Microsoft turns to TAFE to help fill 300,000 tech job shortfall and prevent Optus-style cyber attacks
Universities alone can’t deliver the hundreds of thousands of tech jobs Australia needs by 2030, prompting Microsoft to partner with TAFE and others to create ‘bite-sized’ upskilling.
Microsoft is tapping the TAFE sector to help fill the 300,000 shortfall in tech jobs Australia will need by the end of the decade, saying that the country’s universities alone can’t meet surging demand.
The US tech behemoth has committed to train an extra 300,000 students to “succeed in the digital economy” via its global skills program and in a collaboration with TAFE NSW after it unveiled a $5bn data centre and cybersecurity investment in Australia.
Microsoft Australia New Zealand managing director Steven Worrall said the training was an essential part of the investment and partnering with TAFE and advocating more micro-credentials would allow Australians to take “bite-sized approaches” in gaining tech qualifications.
It comes as Australia is facing a national security crisis as the proportion of high school students studying advanced maths has plummeted to an all-time low, with education experts warning the country risks not being able to defend itself fully against escalating cyber assaults.
Already, some of Australia’s biggest companies have been the target of cyber attacks – including Medibank, Optus and Latitude Financial – with hacks also increasingly becoming a tactic of conventional warfare, as experienced in Ukraine and Israel/Gaza conflicts.
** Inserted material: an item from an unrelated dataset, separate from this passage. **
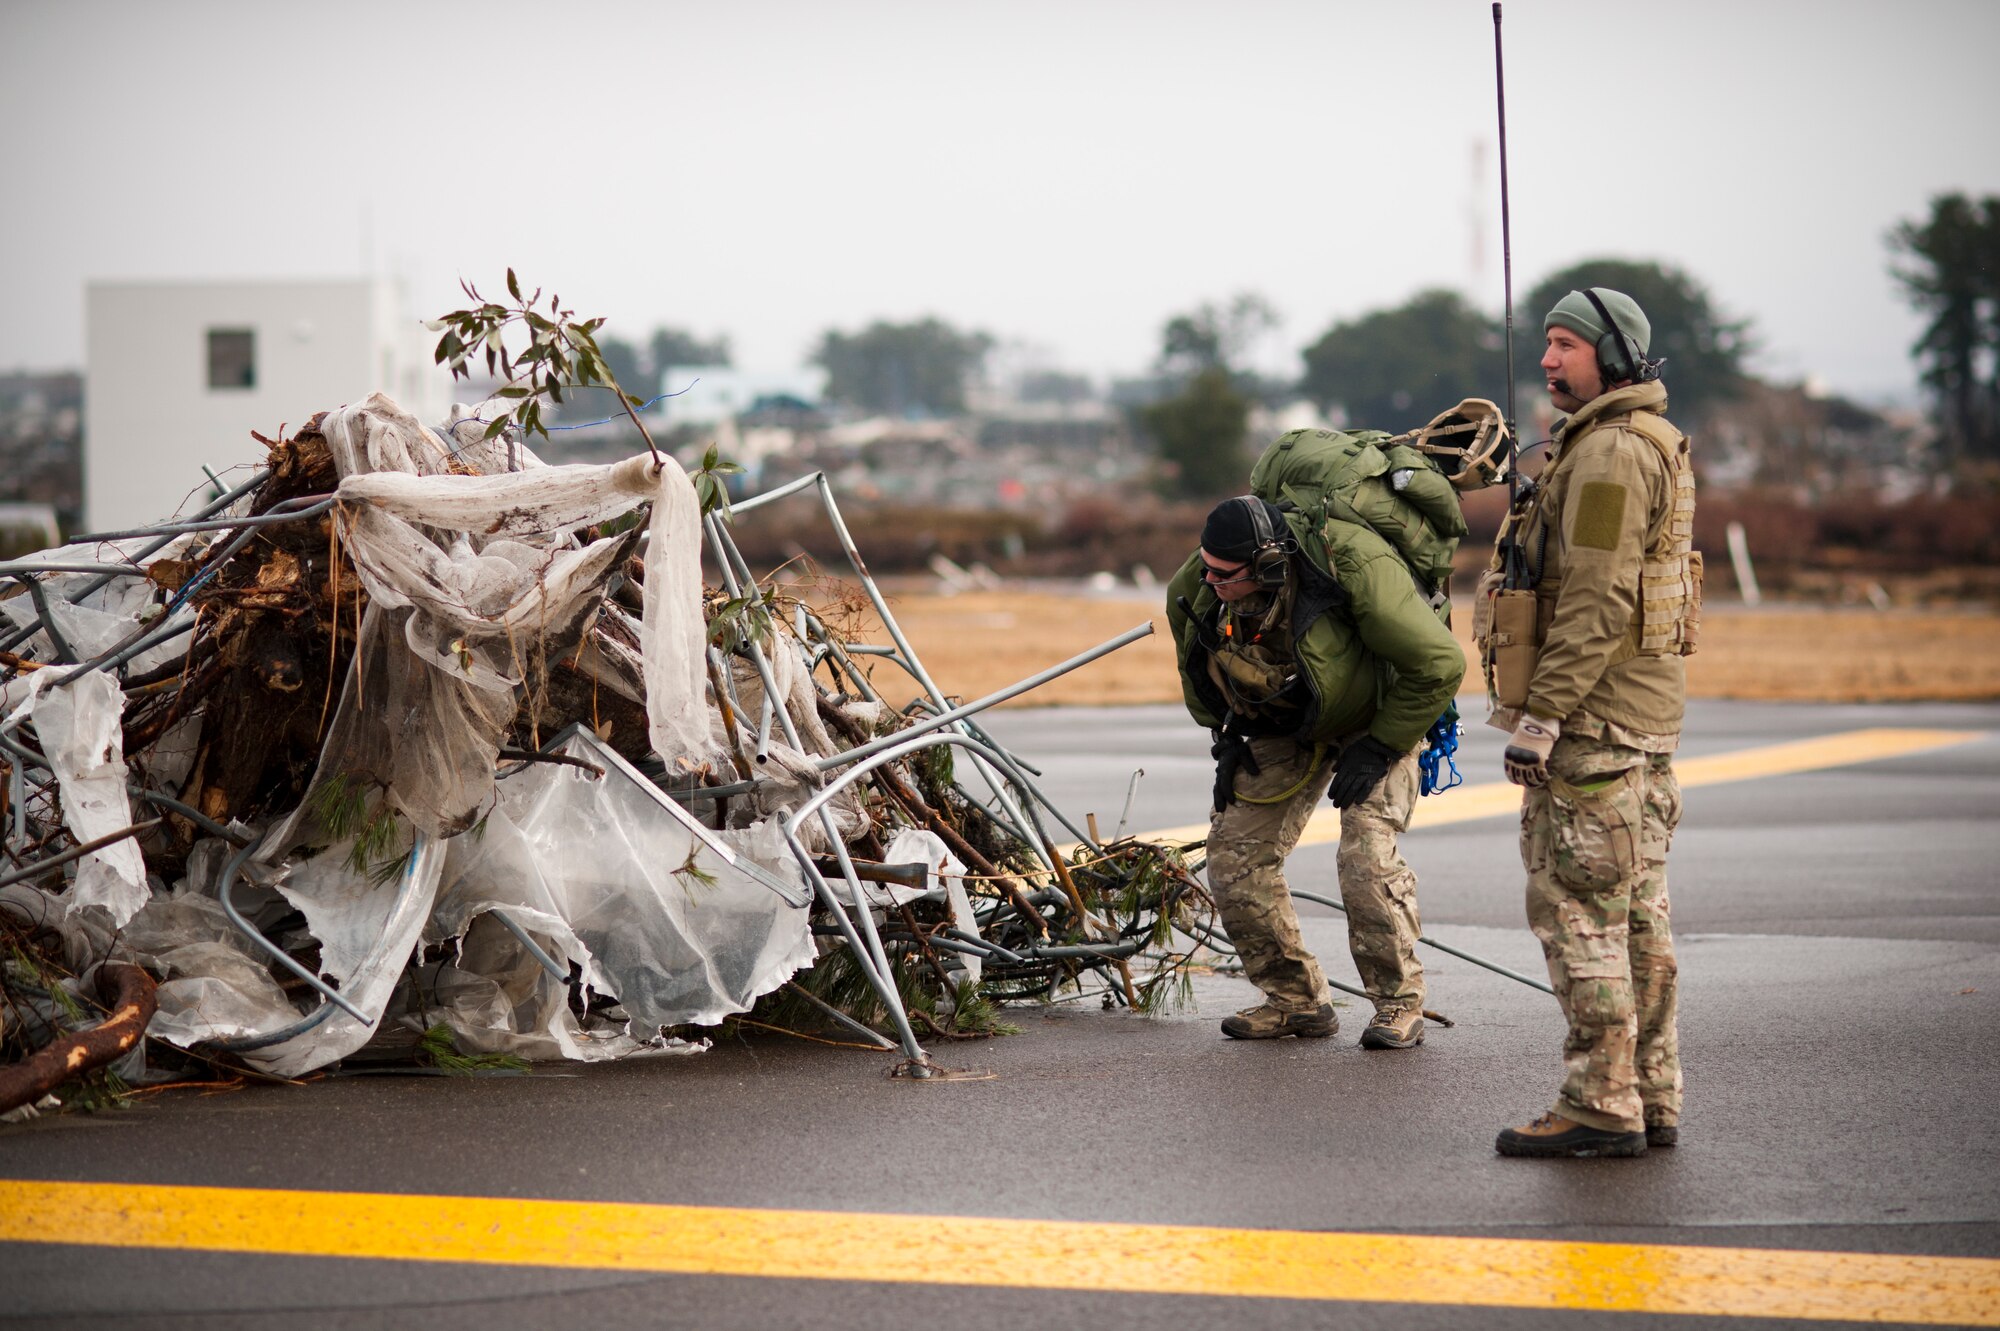 SENDAI AIRPORT, Japan -- Airmen from the 320th Special Tactics Squadron assess debris on the runway here March 16. Members of the 320th STS, stationed out of Kadena Air Base, deployed to Sendai Airport to help clear the runway and make it ready for fixed-wing aircraft traffic. (U.S. Air Force photo / Staff Sgt. Samuel Morse)

This means more of Australians’ sensitive data risks being accessed by cyber criminals and ransomed, and if companies don’t pay up – which governments advise them not to do – being leaked on the dark web and elsewhere.
“The Tech Council of Australia has told us that, by 2030, we should have 1.2 million workers in the tech sector,” Mr Worrall said. “Today there’s about 875,000 and we know that in our universities … there are about 6000 (STEM qualified graduates) a year in total.
“We’re not going to fill those roles by simply looking at the traditional pipeline of traditional pathways. So, our Global Skills program democratises access to skills that relate to AI and machine learning, cyber (security) so more and more people can upskill and get a foot on the ladder to get into the tech sector.”
Despite most of the world’s most valuable companies operating in the tech sector, there has been a resistance to studying STEM or science, technology, engineering and mathematics. According to the Australian Mathematical Sciences Institute the number of year 12 students enrolled in one or more maths subjects has dived from an average of 71-73 per cent to 66 per cent. But tech companies are partly to blame for the dearth of STEM graduates.
Citing Accenture research commissioned by Microsoft, Mr Worrall said companies were filtering out potentially high-performing candidates, with 90 per cent of job advertisements for STEM roles stipulating a bachelor’s degree or higher qualification. “We screen out too much talent before they understand or have an opportunity to progress further,” he said. “We know for STEM-related graduates in the country one in three women, one in 20 have a disability and one in 100 have a First Nations background. So, well before a woman or someone with a disability or First Nations candidate has ever got to the front door of the university … they’d been screened out because the opportunity wasn’t provided, because they didn’t see enough role models, because they didn’t think it was for them.
“We need to continue to grapple with (this problem) as a nation so that we can transform our economy and ensure that more and more people can get into the sector over time.”
Mr Worrall said partnering with TAFE allowed people to gain qualifications in a shorter time frame, often while continuing to work in their existing jobs, to gain career advancement.
“Tech is a vertical but it’s also a horizontal, and so there are tech roles in every organisation. And so, imagine somebody who is not in a tech-dependent role today who would like to go into tech but they might have a family, they might be mid-career, the chances that they’re going to say, ‘That’s cool, I’ll take three years out to do a bachelor’s degree,’ I mean, it doesn’t happen. It’s a massive obstacle.
“So it’s these micro-credentials, these new pathways, that allow people to do part-time study, take bite-sized approaches to pick up the exact skills that they need for that next step. And we’re working very hard with our partners across the sector to create those new pathways.”
Microsoft will also collaborate with the Australian Signals Directorate to strengthen Australia’s cyber defences, developing a MACS, which stands for Microsoft-Australian Signals Directorate Cyber Shield.
“Leveraging knowledge of industry, in this case to complement and supplement the government‘s defences, makes a lot of sense,” Mr Worrall said.
“Cyber is continuing to be an attack vector in other ways as well. In Ukraine, a very public example, we’ve seen over the years, very clearly directed state-based activity to destabilise the regime … and be the precursor to a range of other activities.”
Anthony Albanese praised Microsoft’s investment and partnership with TAFE NSW, which will involve the creation of a data centre academy, that will take enrolments from early 2024 and train 200 students in its first two years of operating.
“A priority for my government is to ensure all Australians benefit from economic growth. This means that we need to provide the skills to enable Australians to succeed in the jobs of the future,” the Prime Minister said.